Brave members of the Ugandan Anglican church are speaking out, likening the bill to genocide against gay Ugandans. While Byamugisha took a big risk in countering the tides of hate in his country, American pastors who have long meddled in Ugandan politics and policy — and who face no similar risks in speaking out — are staying silent. American Evangelicals like Rick Warren have exported homophobia, and encouraged African pastors to marginalize gay people. Anti-gay organizations in Africa were well funded under the Bush administration, which threw money at religious groups as part of its HIV/AIDS strategy (the result? An uptick in HIV/AIDS in Uganda, a country where rates had previously steadily fallen).

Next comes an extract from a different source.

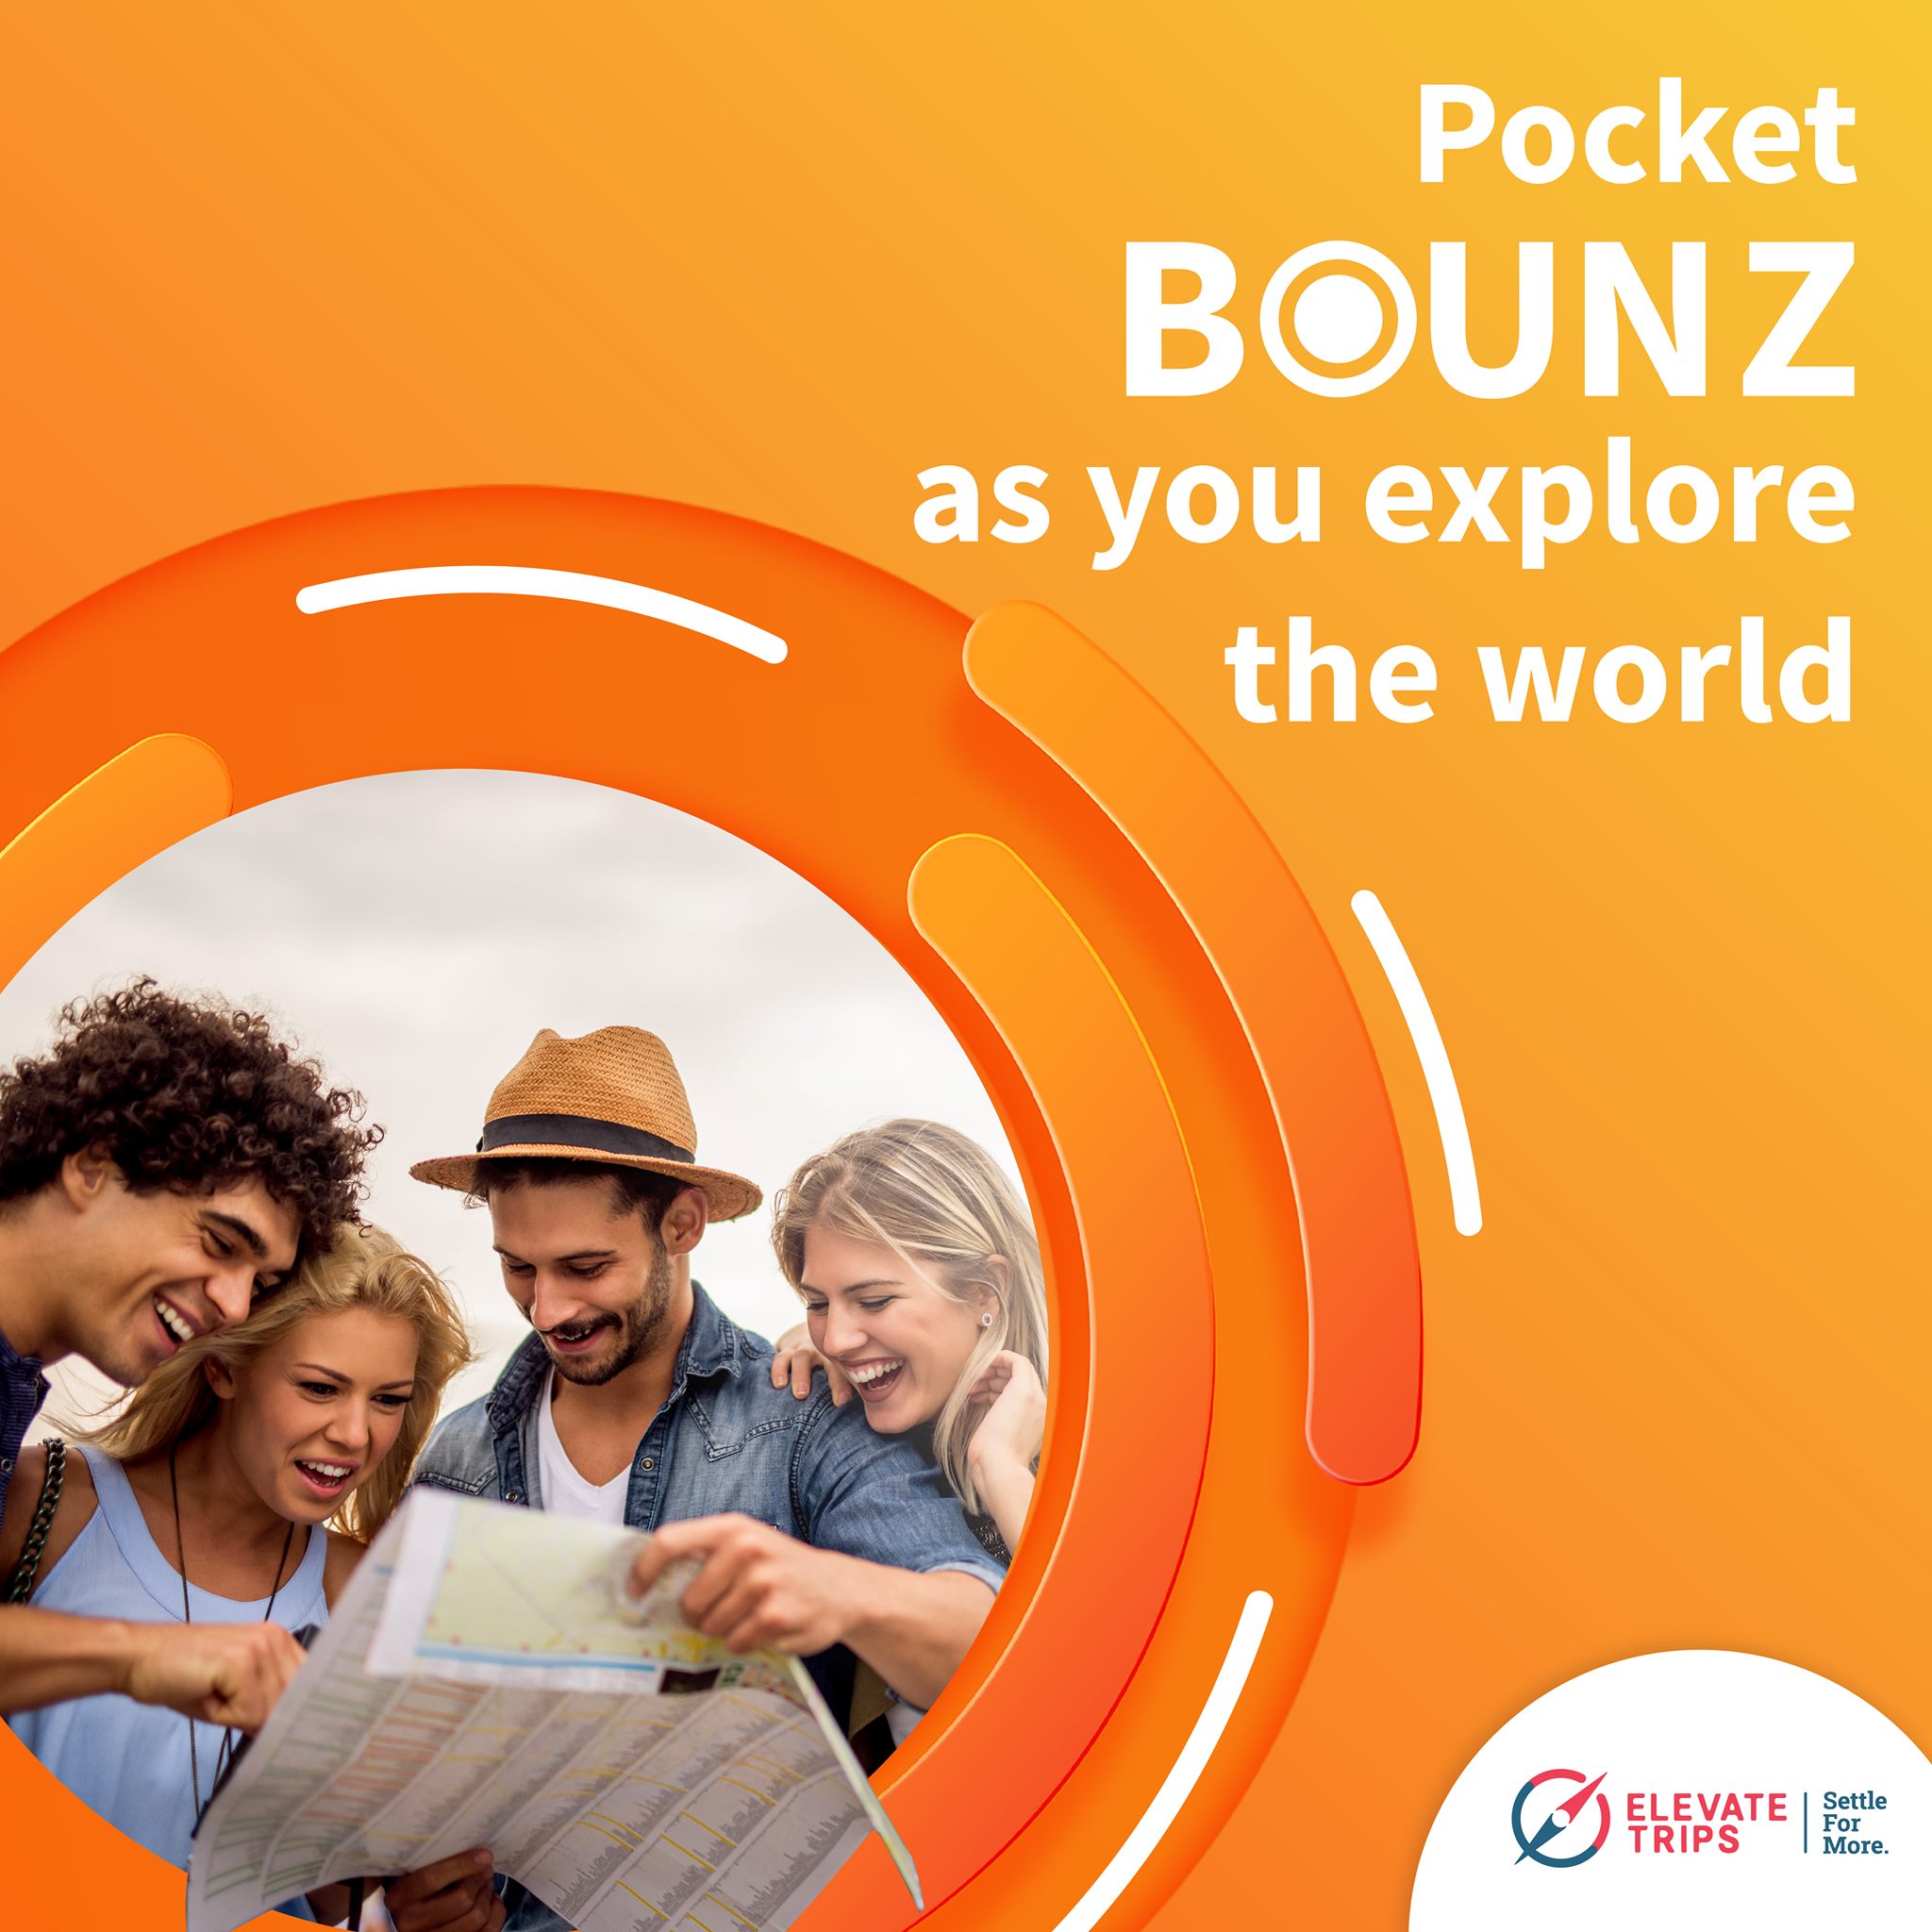 Download BOUNZ App and Save Big on Your Shopping, Travel, and More

American conservatives have convinced their African peers that collaborating with them somehow represents a kind of anti-colonial resistance. One is almost tempted to applaud the American right’s audacity. After all, it generally opposed Africa’s national liberation movements, and often smeared the progressive churches that supported them. Now, by presenting homosexuality as the corrupt imposition of a decadent, dying West, American Christian conservatives have positioned themselves as champions of the developing world’s cultural authenticity. Meanwhile, African leaders purport to fight Americanization by aligning with some of the most powerful and chauvinistic of American religious leaders, and even taking US government money.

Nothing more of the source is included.